Now I’ve always been something of a party girl so surviving on 4 hours sleep, whilst never fun is not something new and the brain numbing monotony of baby-caring has been tempered by the busiest news time I’ve ever experienced. (Seriously you want to discuss Brexit/coups/labour party disintegration I’m your girl!) Yet my appalled reaction to the heatwave forecast on Sunday night’s weather made me realize just what a big change having a baby has had on my life…
- The WORRY
‘The baby monitors flashing 29’, that’s dangerous right?’, ‘there must be a 24hour store that sells fans somewhere near here’ ‘is she drinking enough’ and ‘oh my god her knees are RED’.

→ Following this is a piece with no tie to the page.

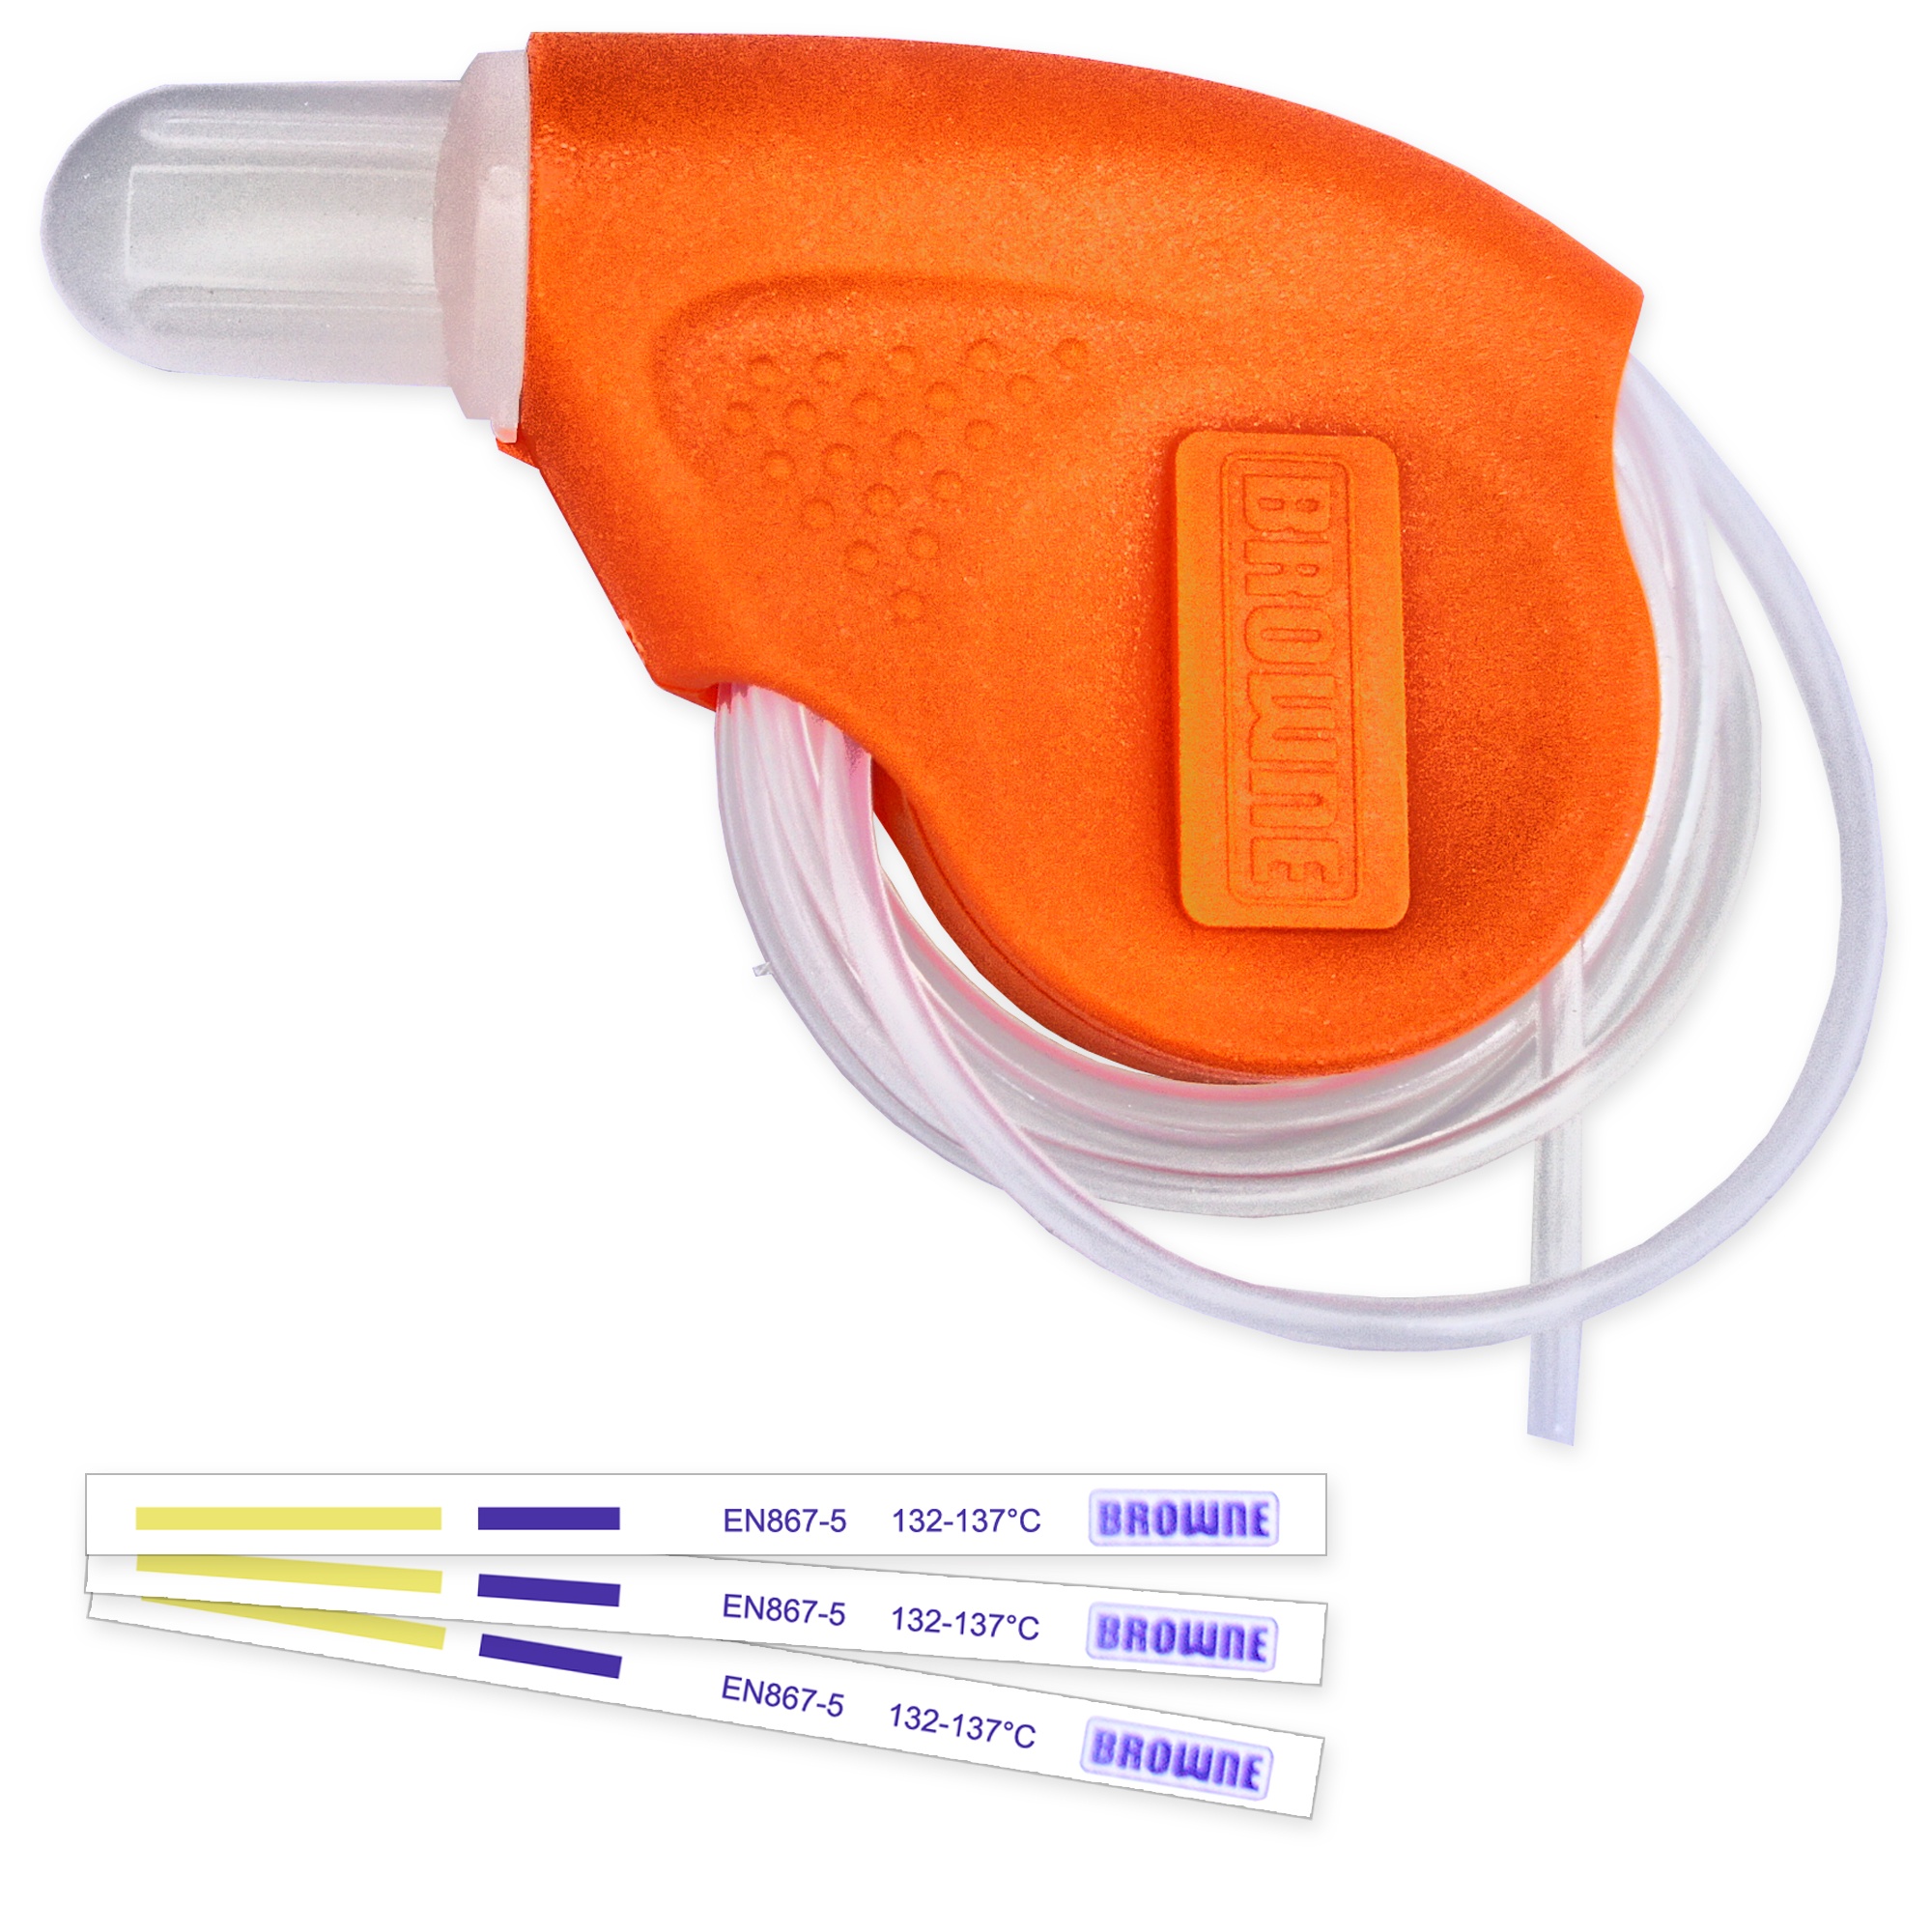 Chargenkontrolle - TST Helix für die Dampfsterilisation - Helix Test Image

Just to add to the ridiculous amount of worry having a baby saddles you with the unexpected heat just adds a whole new layer that I’m just not equipped to deal with. How is there room so hot at night? How do you keep them cool? Just to add to the worry Matilda has obviously inherited her father’s pale celtic skin because she even managed to look slightly pink, wearing factor 50, after 0.02 seconds in the sun. BAH.
- The CLOTHES
I had a ruthless summer clothes cull just before my honeymoon and bought a gorgeous new summery wardrobe in a wedding dieted size 8. ‘I’ll wear them next summer’ I merrily told myself. Only ‘next’ summer is now last summer and I was 20+ week pregnant and the size of a bus. Which brings me to this summer. I’m in total denial that I’m no longer my wedding dieted size 8, nor even my slightly more normal size 10. Nothing fits. Yet I refuse to buy new clothes as I’m still in hope that I’ll miraculously lose 2 stone – I mean I’m breastfeeding still and EVERYONE promised me the weight would fall off. So for now I’m squeezing myself into once floaty maxi-dresses and wearing my shorts with maternity tee shirts so noone can see I can no longer do the zip up. It’s so shameful I feel like I have a bell tolling nun-wench behind me shouting ‘shame’ as I walk down the street…

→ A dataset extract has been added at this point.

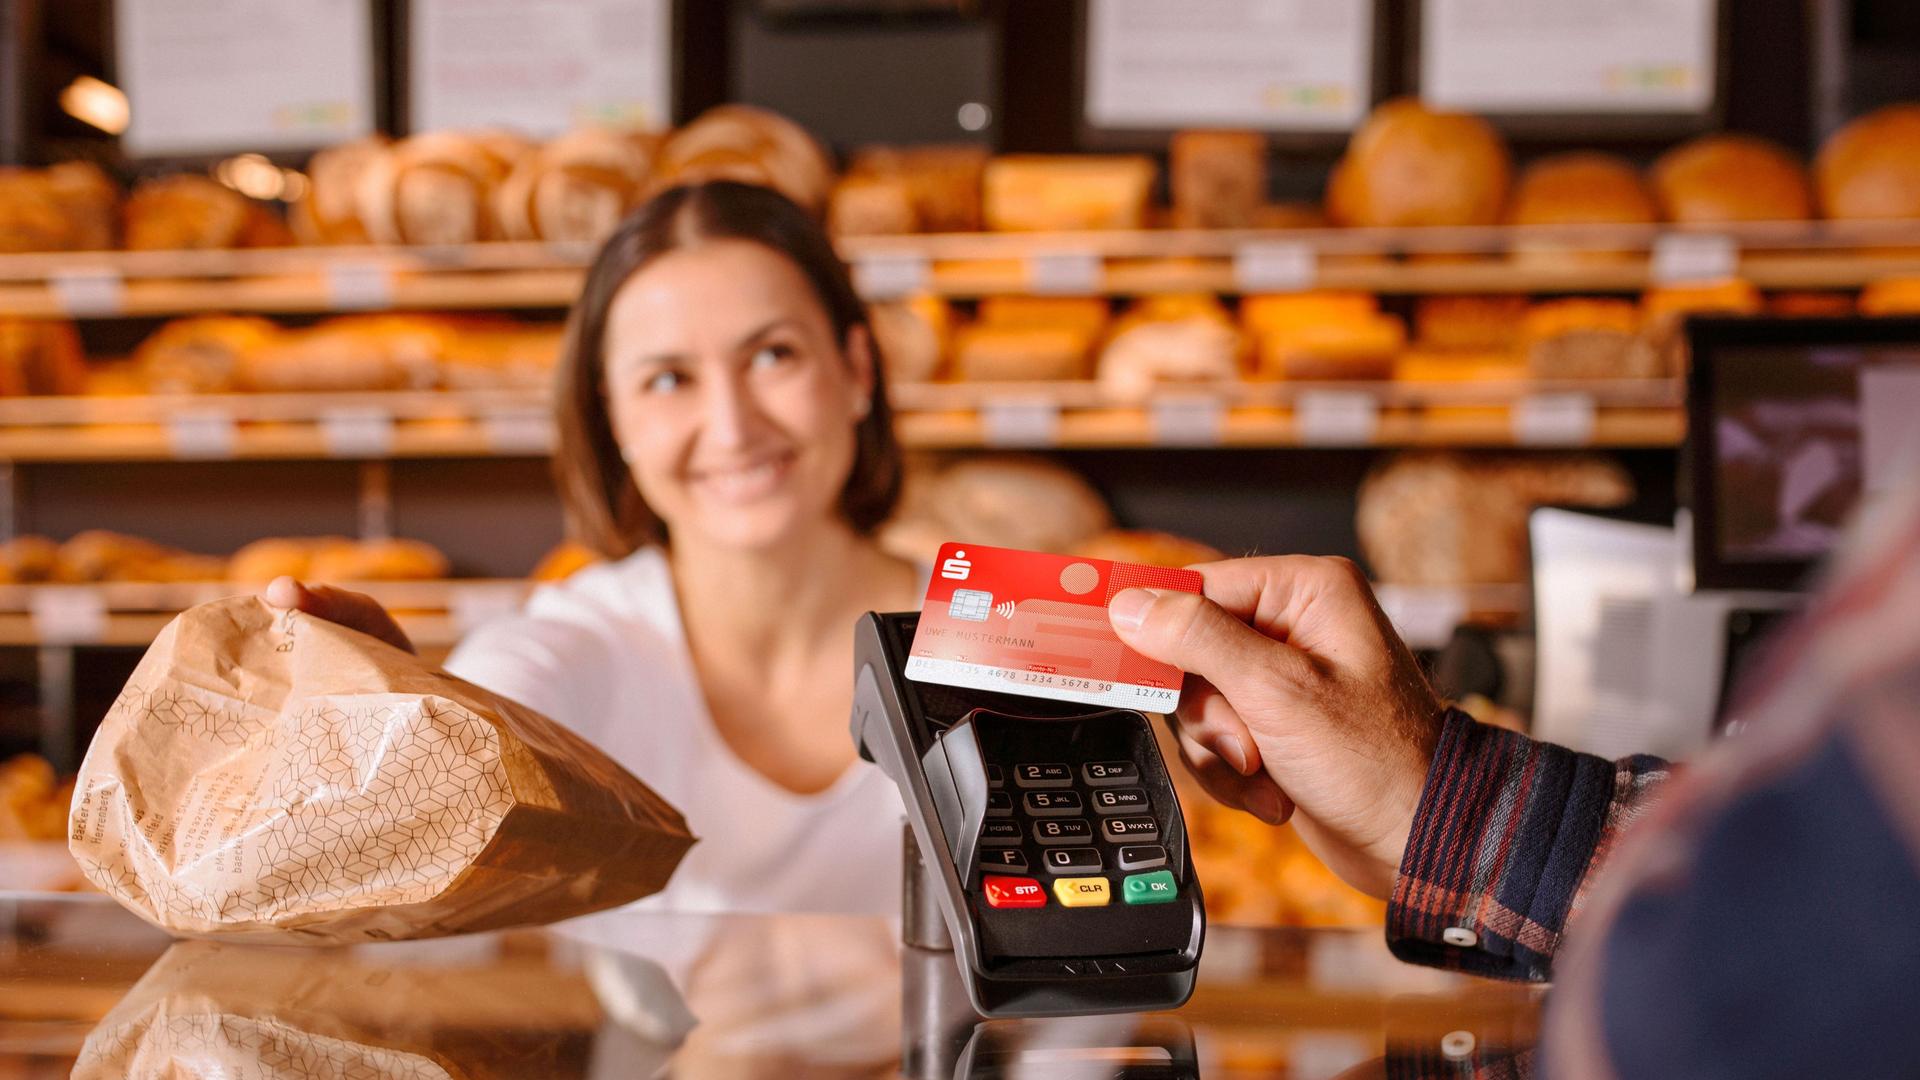 Person zahlt mit Sparkassen-Bankkarte in einer Bäckerei. Die Fachverkäuferin lächelt und reicht eine Papiertüte über den Tresen.

I should just bite the bullet and purchase some summer clothes in a bigger size. Only, by the time my Asos delivery arrives the heatwave will have passed and the leggings will be back on, plus by this time next year I’ll be back to a size 8, of course.
- The DAYS OFF
As a working girl I had been known to put in a last minute sunny day holiday request or 2 and was no stranger to a last minute weekend camping trip to the sunny seaside. Turns out you can’t just hand in a holiday request to the baby in order to go sunbathing and I shudder at the amount of organizing a ‘spontaneous’ camping trip with baby in tow would ensue. Sunny trips to the common are now in the shade at all times and with about 3 bags worth of baby kit carted along and something essential forgotten.

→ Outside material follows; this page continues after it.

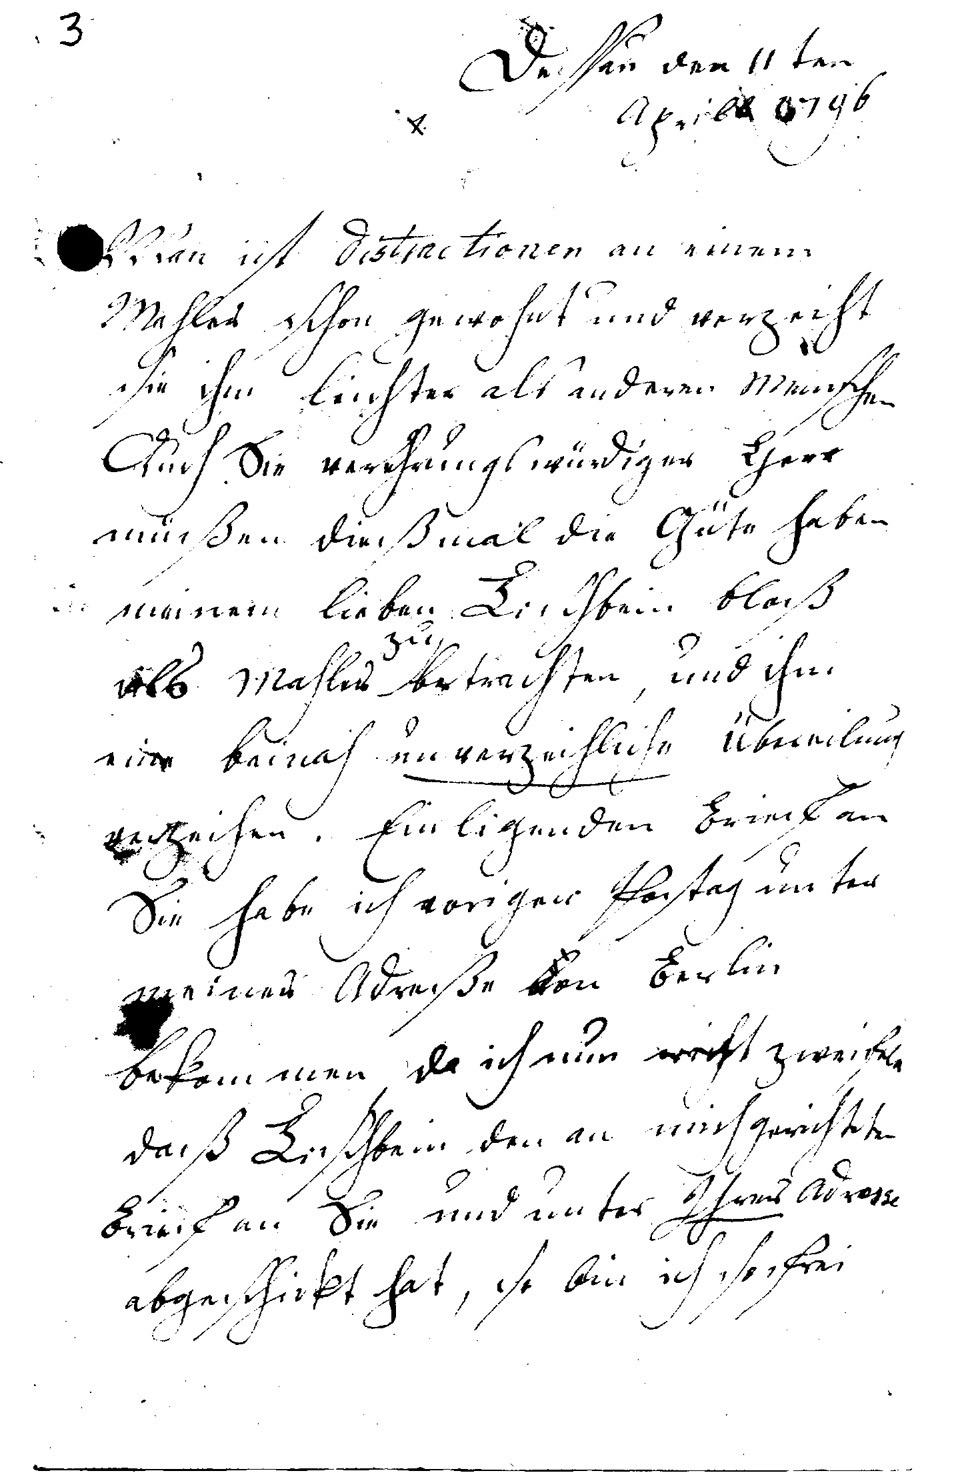 Brief Sophie Tischbeins (Gattin von J. F. A. Tischbein) an J.W.L. Gleim vom 11. April 1796 (Gleimhaus Halberstadt CC BY-NC-SA)

Having said all that, trips to the common with baby in tow are great fun, just in a different way. Matilda is fascinated by grass and old leaves. Seriously, they keep her amused for ooooh all of about 20 mins. Winner! Even better, we have embraced al fresco dining. After all, there’s no scrubbing encrusted puree off the high chair or need to wipe yogurt off floor/cupboards/windows and she LOVES the dogs that inevitably come sniffing out the picnic debris.
So, even though I spent over an hour walking round an air conditioned Asda in a bid to get Matilda to nap in yesterdays heat, who doesn’t LOVE the sunshine. Britain on a sunny day is ruddy marvellous!